The results then clearly showed that by analyzing various ALS metrics, the loss of branches and twigs due to moose browsing can be detected (Figures 7 and 8). However,
the model performances in predicting the level of damage were modest: map-based analysis showed that the model was able to identify ‘hotspots’ of browsing, which in many cases agreed well with the locations of inspected damage. Similarly, many large areas without moose damage were clearly identified as no-damage areas. Yet, the model was only able to identify most of the actual damage when it was forced to overestimate the numbers of damage cells. This meant that as the model’s performance in detecting actual damage increased, its rate of predicting false damage increased as well, which can be seen in the ROC curve (Figure 10). The model performance might have been weakened by the fact that the known browsing was counted as inspected damage only when it was severe enough. Thus, the model might have inputted no-damage cells that were actually damaged to some degree, but just not enough to be counted as ‘damaged’ by the authorities.
Future work in this area would require accurate field data taken from areas with various levels of damages and from areas with zero damage. The potential of using ALS and small field training data in detecting moose damage seems to be promising, especially since ALS-based forest inventories are being conducted in growing numbers.
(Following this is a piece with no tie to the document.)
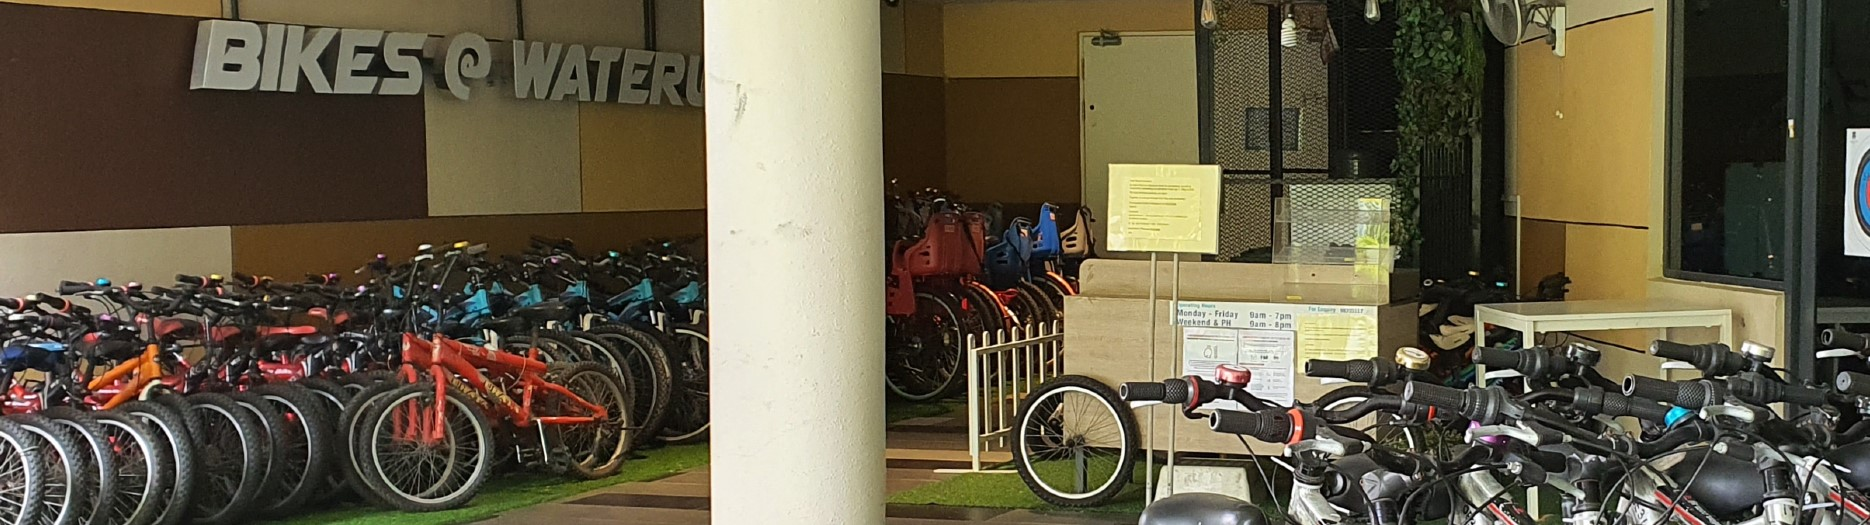 bikes at waterway 1870x525 v2

Each year, moose damage inventories are conducted by the authorities. These inventories consist of manual field work and manual estimations of the magnitude and extent of the damage. As was shown here, ALS data could be useful in identifying “hot-spots” of moose damage, which could then serve as indicators about the locations with definite large-scale and severe damage.
6 CONCLUSIONS
There is no doubt about the usefulness of ALS data in wildlife research. The data are practically unattainable by other means and hold detailed information about a target area’s suitability for wildlife. In this thesis, ALS data were linked with the locations of a nationally important game species moose. It was shown that the habitat requirements of moose show significant variations according to season, although it was also shown that the patterns in habitat use differed between males and females. Furthermore, factors such as temperature or calving were shown to have additional effects on the favoring of certain types of forests. In addition, it was also shown that the known effect of moose on forest structure (browsing damage) can also be detected from ALS data. What is important is that this thesis used solely ALS data, but still significant patterns in habitat use were detected.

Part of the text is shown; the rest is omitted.